‘Frontstage and backstage at the Magic Clock, Easter lunchtime 1969’
The Magic Clock, Roe Street, 1968. Courtesy of Liverpool Record Office, Liverpool Libraries.
Dr Jo Stanley, creative historian, made a textile artwork of the interior of the Magic Clock pub, Roe Street, Liverpool, especially for our Tales from the city exhibition. Jo, originally from Crosby, was a barmaid at the pub, over Christmas 1968 and Easter 1969, in vacations from teacher training college.
The Magic Clock was popular with gay men. It was situated in Liverpool’s original ‘gay quarter’ around Queen Square.
Jo tells us more -
Textile artwork of the interior of the Magic Clock, Jo Stanley, 2017
Hand-drawn plan of the interior of the Magic Clock, Jo Stanley, 2017
Jo also drew this plan of the interior of the pub, which you can see on display in the exhibition adjacent to her artwork.
‘Re-texturing history’, making textile art with historical photos transferred to fabric is just one of Jo Stanley’s many research areas. “This seems to me to be a way of adding another dimension to history, especially using old clothes and photoshopped images”. For further information about Jo’s research and work please see www.jostanley.biz
In the exhibition you can also watch a film, created by Hurricane Films, of Cloud Downey talking about his experiences of being gay in Liverpool during the 1950s and going to the Magic Clock.

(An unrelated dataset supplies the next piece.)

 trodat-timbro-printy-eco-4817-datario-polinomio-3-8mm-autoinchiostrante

“In my time it wasn’t a rollicking camp sort of pub. Nor was it full of sailors or those who fancied them. It felt like a safe space but not iconic, poncey or pioneering. My favourite customer was Daisy/ Geoffrey, a Bebington hairdresser who slightly cross-dressed. The other customer who stood out was a lunchtime guy called Johnny or Denny. He was an Irish building worker who flaunted his muscles, his gorgeous blue eyes alert for action. The clusters of businessmen ogled him. Whether men went into the ladies or gents was their business. I got used to sharing mascara and hesitating about whether to say she or he. It made me very accepting of diversity.

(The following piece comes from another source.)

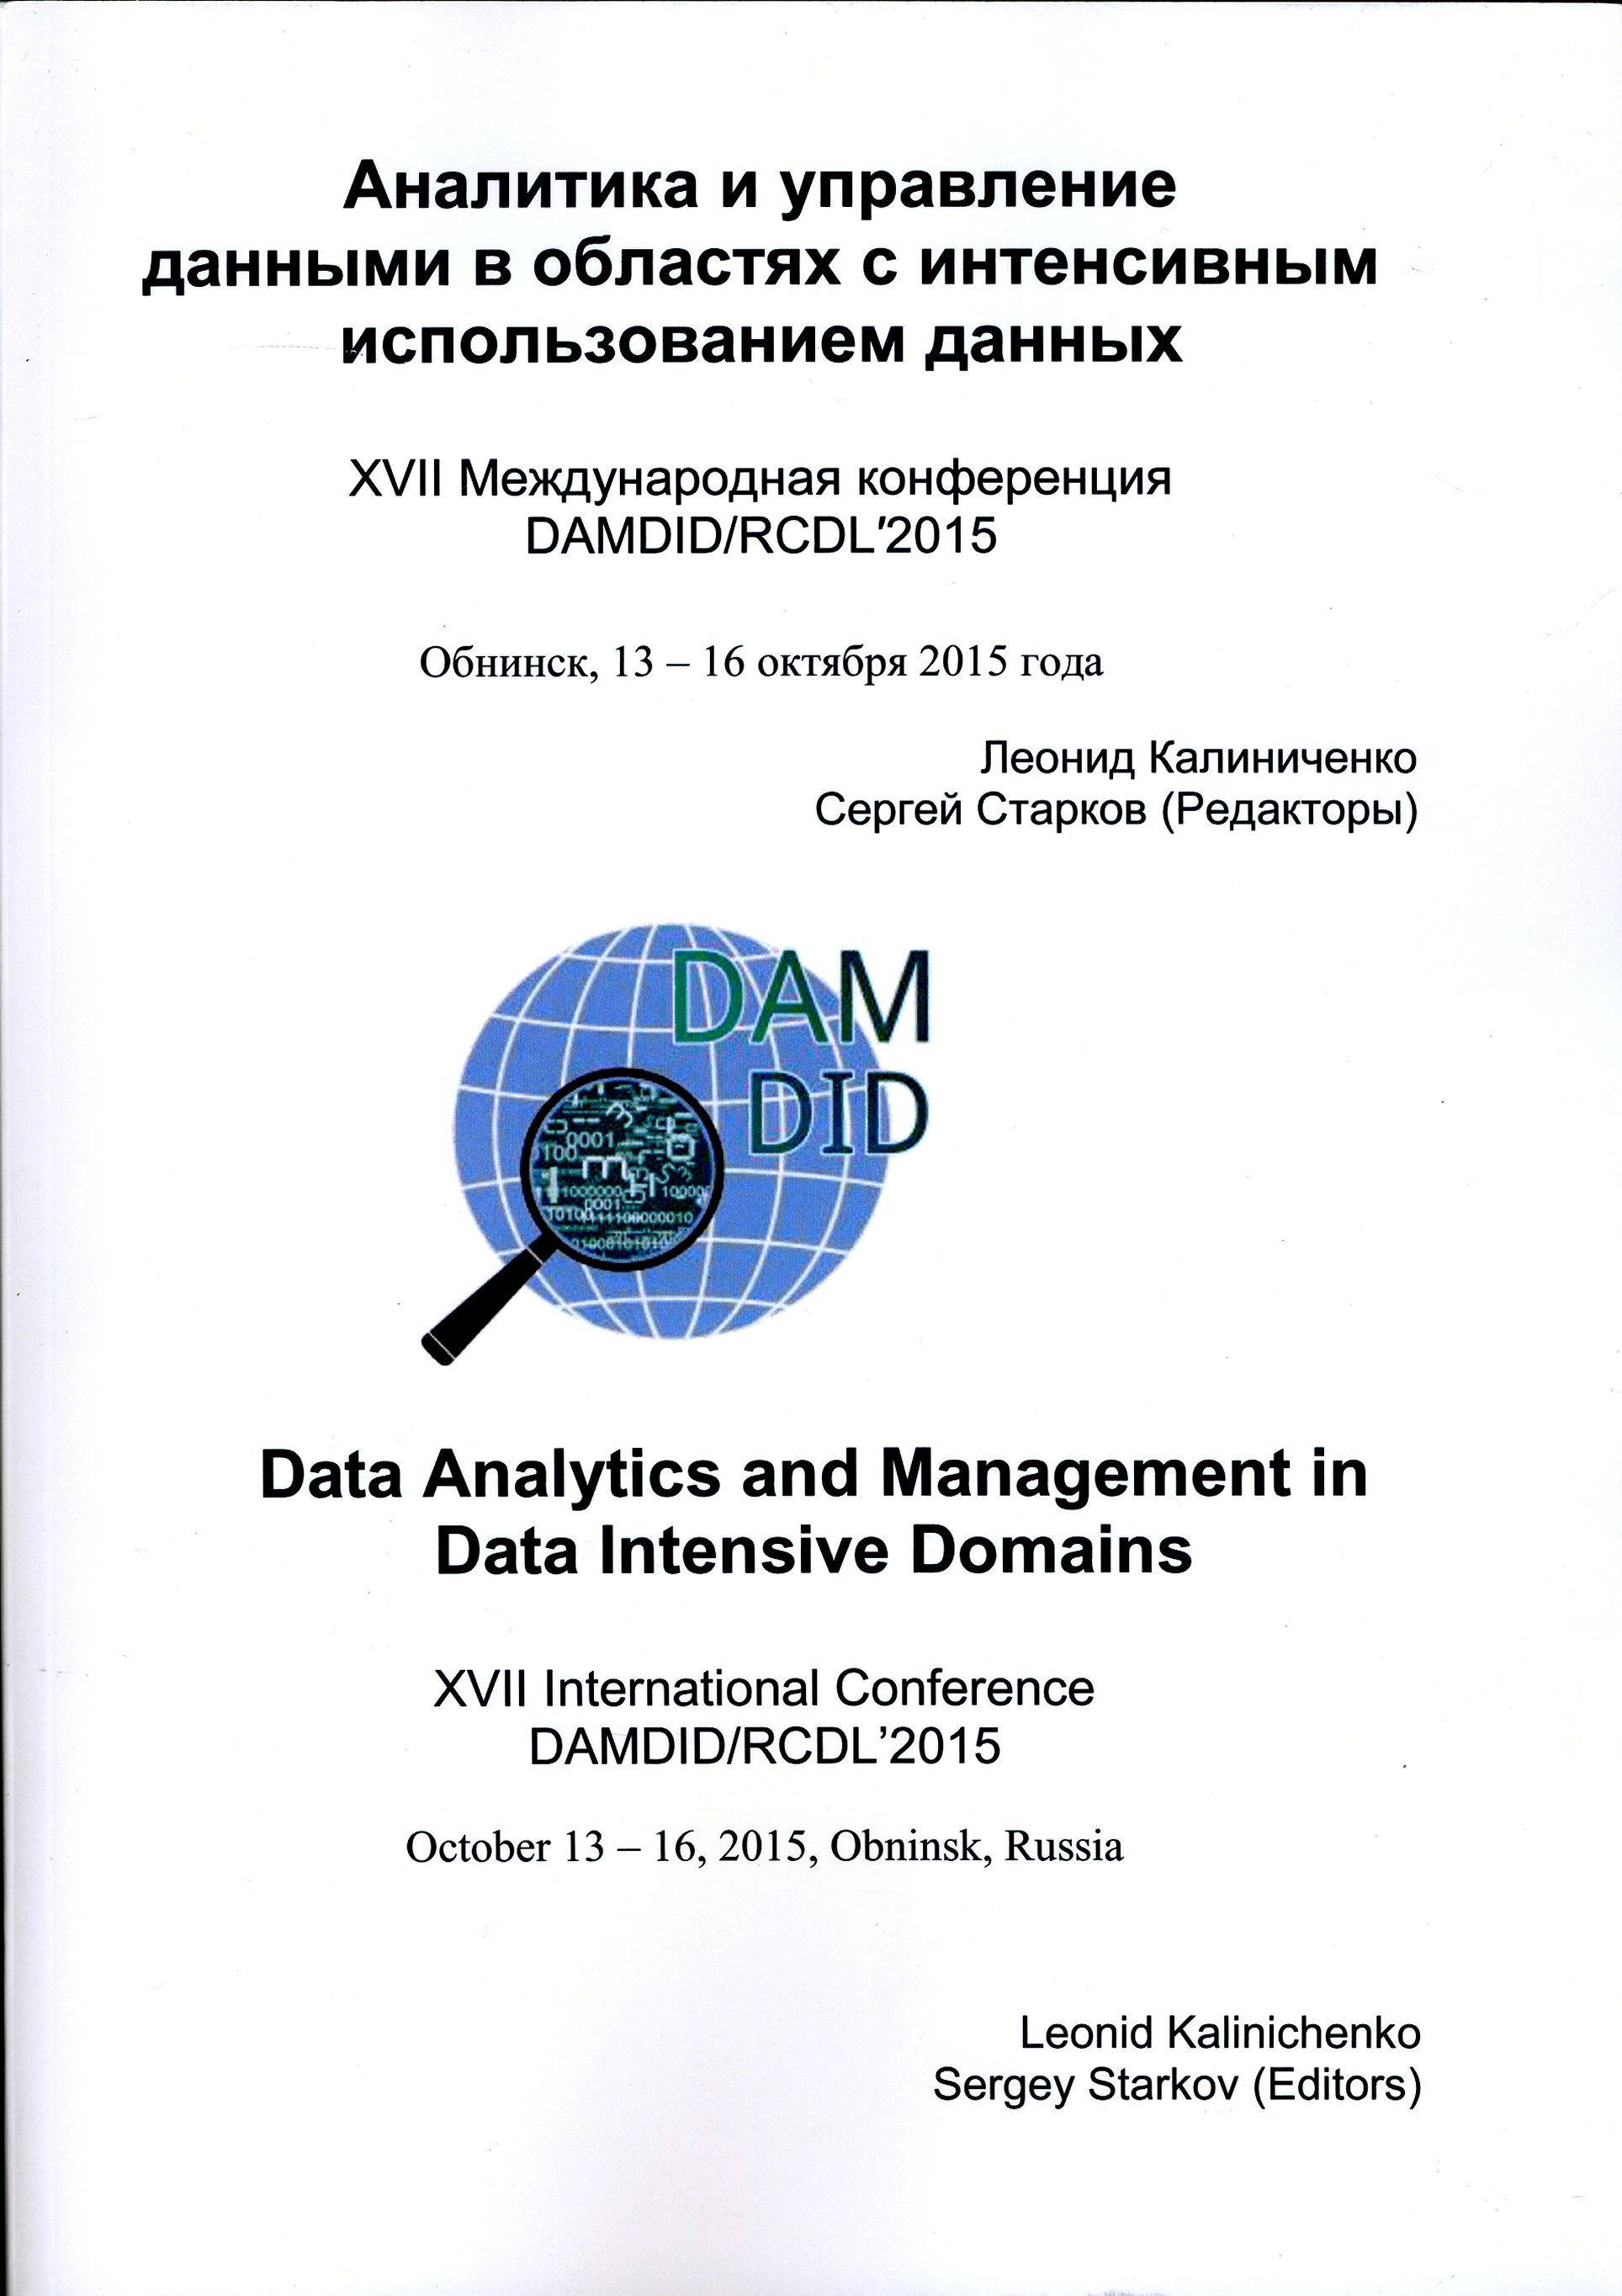 Труды ХVII международной конференции «Аналитика и управление данными в областях с интенсивным использованием данных» (“Data Analytics and Management in Data Intensive Domains” (DAMDID))

This textile art piece sums up the essence of the Magic Clock as I remember it. It's got the traditional pub furniture such as the red leather barstools and the jukebox. But it's also comprised of gritty taboo matter: gendered toilet use and the "smutty" jokes made about the huge significance of difference and of the possibilities of transgression. The green Victorian-tiled boundaries of the Ladies and Gents are crucial, but already subverted.The copper-topped bar dominates. It’s presided over by me, the barmaid with velvet ribbon in her hair and by the nearby manager, John Shergold, his back to the Bass kegs below. John is represented by the conventional tie. Its conservative maleness links to the three businessmen. The chaps are eyeing up Denny, the sparkly-eyed stud-like building worker who hangs about in pristine white shirt and sweaty denims, exuding readiness to give anyone lunchtime attention in return for money. For me the key element in this artwork is the ugly gash of a buttonhole Daisy/Geoffrey made in his-her camel coat, because he wanted to dress as a ‘proper’ woman. It isn’t beautiful but it is authentic. It's my subjective history of the Magic Clock, a space that many decades later I re-understand”.